Excerpts from a dataset:
==================================================
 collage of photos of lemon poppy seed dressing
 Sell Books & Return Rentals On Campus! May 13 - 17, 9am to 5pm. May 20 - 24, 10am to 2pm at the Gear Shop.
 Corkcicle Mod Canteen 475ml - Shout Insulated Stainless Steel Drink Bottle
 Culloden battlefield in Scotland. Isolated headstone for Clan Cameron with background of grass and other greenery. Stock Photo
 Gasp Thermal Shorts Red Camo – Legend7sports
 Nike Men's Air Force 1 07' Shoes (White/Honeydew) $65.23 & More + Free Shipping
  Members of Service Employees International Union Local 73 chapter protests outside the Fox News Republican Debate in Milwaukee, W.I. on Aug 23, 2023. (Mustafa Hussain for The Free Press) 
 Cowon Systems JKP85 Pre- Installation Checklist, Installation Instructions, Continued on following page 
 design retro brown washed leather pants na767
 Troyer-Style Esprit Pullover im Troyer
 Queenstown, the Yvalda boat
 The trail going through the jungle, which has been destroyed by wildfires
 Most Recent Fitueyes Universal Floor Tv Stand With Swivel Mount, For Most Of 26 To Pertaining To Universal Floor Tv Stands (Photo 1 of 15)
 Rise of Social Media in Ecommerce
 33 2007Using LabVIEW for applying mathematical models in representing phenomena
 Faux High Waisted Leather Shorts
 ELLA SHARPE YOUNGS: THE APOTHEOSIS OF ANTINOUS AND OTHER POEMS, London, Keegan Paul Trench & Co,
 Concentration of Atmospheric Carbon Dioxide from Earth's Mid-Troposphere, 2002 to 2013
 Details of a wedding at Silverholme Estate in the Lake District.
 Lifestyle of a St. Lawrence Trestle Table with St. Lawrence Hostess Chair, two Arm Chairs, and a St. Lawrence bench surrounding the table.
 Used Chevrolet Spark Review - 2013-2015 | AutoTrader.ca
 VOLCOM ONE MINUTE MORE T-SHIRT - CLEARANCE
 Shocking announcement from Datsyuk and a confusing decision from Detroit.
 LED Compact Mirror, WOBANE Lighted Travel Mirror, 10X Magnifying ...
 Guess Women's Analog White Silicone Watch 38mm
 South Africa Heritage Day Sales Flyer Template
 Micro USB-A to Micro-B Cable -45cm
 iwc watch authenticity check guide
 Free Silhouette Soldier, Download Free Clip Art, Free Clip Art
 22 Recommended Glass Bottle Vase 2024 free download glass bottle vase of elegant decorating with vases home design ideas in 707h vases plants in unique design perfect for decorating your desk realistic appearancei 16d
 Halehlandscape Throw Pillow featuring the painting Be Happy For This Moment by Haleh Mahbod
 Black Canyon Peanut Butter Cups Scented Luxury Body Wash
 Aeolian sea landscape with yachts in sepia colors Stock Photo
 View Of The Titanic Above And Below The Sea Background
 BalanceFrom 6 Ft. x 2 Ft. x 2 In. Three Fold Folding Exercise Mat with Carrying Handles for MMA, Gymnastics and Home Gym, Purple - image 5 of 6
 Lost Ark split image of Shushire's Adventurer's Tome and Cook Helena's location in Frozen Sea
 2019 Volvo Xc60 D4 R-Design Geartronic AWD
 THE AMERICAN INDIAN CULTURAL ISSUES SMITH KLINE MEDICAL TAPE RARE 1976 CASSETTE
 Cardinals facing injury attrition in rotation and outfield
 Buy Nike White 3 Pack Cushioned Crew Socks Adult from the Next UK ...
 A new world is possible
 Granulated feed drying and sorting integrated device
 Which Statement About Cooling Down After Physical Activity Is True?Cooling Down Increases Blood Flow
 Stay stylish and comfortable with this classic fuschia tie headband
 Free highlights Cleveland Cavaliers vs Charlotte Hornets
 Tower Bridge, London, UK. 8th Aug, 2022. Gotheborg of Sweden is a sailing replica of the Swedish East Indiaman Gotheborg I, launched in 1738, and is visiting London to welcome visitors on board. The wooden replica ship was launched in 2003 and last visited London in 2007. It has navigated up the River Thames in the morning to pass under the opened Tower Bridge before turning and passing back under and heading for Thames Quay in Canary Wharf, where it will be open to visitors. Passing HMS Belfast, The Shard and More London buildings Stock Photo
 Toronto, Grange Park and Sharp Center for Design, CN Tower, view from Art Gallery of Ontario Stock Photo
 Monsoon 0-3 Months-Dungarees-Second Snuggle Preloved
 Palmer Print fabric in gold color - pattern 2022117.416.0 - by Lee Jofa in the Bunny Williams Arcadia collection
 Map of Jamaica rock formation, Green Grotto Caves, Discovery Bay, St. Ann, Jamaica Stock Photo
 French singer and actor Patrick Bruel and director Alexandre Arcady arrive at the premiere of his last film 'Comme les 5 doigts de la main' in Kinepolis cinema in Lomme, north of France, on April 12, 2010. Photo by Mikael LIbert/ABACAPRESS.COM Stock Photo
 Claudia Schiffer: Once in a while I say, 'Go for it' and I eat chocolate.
==================================================
TASK TO COMPLETE:
Looking at the data above, write out exactly the lines that start at the one containing "Granulated feed drying" and end at the one containing "Map of Jamaica"; include both and nothing beyond.

RESPONSE FOR THIS EXERCISE:
 Granulated feed drying and sorting integrated device
 Which Statement About Cooling Down After Physical Activity Is True?Cooling Down Increases Blood Flow
 Stay stylish and comfortable with this classic fuschia tie headband
 Free highlights Cleveland Cavaliers vs Charlotte Hornets
 Tower Bridge, London, UK. 8th Aug, 2022. Gotheborg of Sweden is a sailing replica of the Swedish East Indiaman Gotheborg I, launched in 1738, and is visiting London to welcome visitors on board. The wooden replica ship was launched in 2003 and last visited London in 2007. It has navigated up the River Thames in the morning to pass under the opened Tower Bridge before turning and passing back under and heading for Thames Quay in Canary Wharf, where it will be open to visitors. Passing HMS Belfast, The Shard and More London buildings Stock Photo
 Toronto, Grange Park and Sharp Center for Design, CN Tower, view from Art Gallery of Ontario Stock Photo
 Monsoon 0-3 Months-Dungarees-Second Snuggle Preloved
 Palmer Print fabric in gold color - pattern 2022117.416.0 - by Lee Jofa in the Bunny Williams Arcadia collection
 Map of Jamaica rock formation, Green Grotto Caves, Discovery Bay, St. Ann, Jamaica Stock Photo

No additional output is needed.